Owing to the complex dynamic of non-Newtonian materials, the essential applications of such materials are noted in industrial and engineering mechanism. The wide importance of non-Newtonian materials is signified in polymers, manufacturing systems, food products, printing devices, oil pipelines etc. Various classes of non-Newtonian are observed due to complex rheological impact. The Casson fluid model is referred to this class with distinct consequences of shear thinning and thickening properties.
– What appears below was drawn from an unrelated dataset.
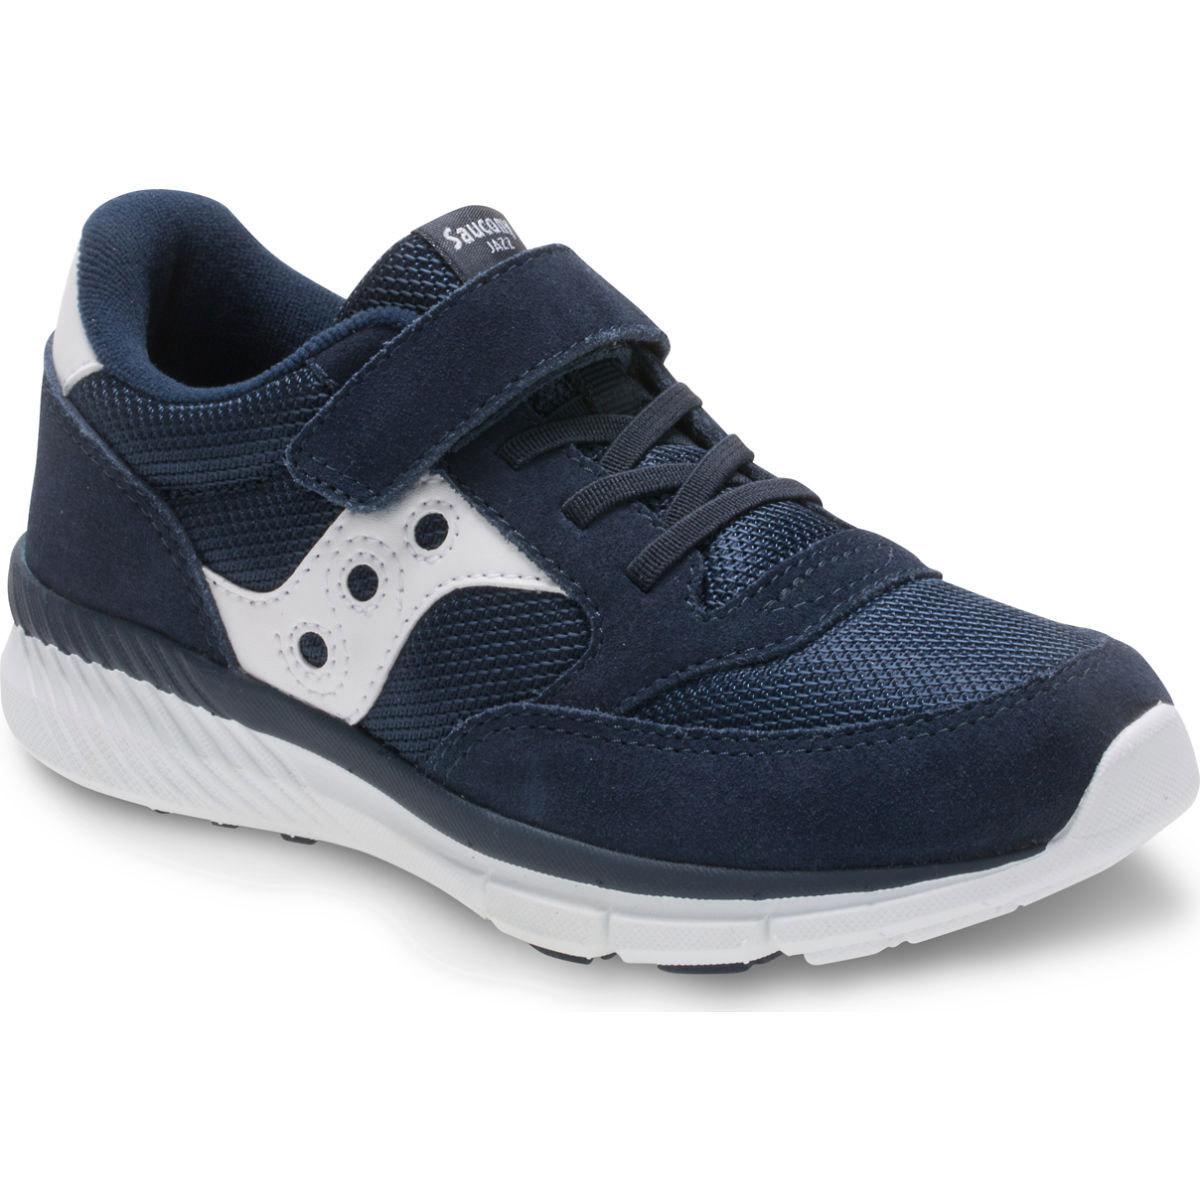 Saucony Little Boys' Jazz Lite A/c Sneakers - Blue, 2

The behavior of blood, ink, molten shows the nature of Casson model. Different investigations are presented dealing with this model. Khan et al.28 presented the numerical onset of Casson fluid model with oscillating unsteady regime. Bhatti et al.29 pronounced the Casson rheology with ion slip mechanism via differential transform method. Raza et al.30 reported a fractional computation for Casson model with inclined magnetic force impact. Haq et al.31 used bioconvective applications referring to Casson material with thermal transport phenomenon.

After observing a comprehensive literature survey on nanofluid and entropy generation phenomenon, the aim of current communication is to predict the assessment of heat and mass transfer aspects in flow of Casson nanofluid due to vertically moving plate. The novel objective of work is summarized as:

  • Heat and mass transfer applications regarding the Casson nanofluid flow are reported with optimized framework.

  • The fluid flow is subjecting to the chemical reaction and mixed convection consequences.

  • The entropy generation and Bejan number significance is considered.

  • The contribution of mixed convection and external heating source is discussed.

  • The analytical simulations with Laplace technique are performed for set of flow parameters.

  • The physical impact and applications of optimized phenomenon is evaluated graphically.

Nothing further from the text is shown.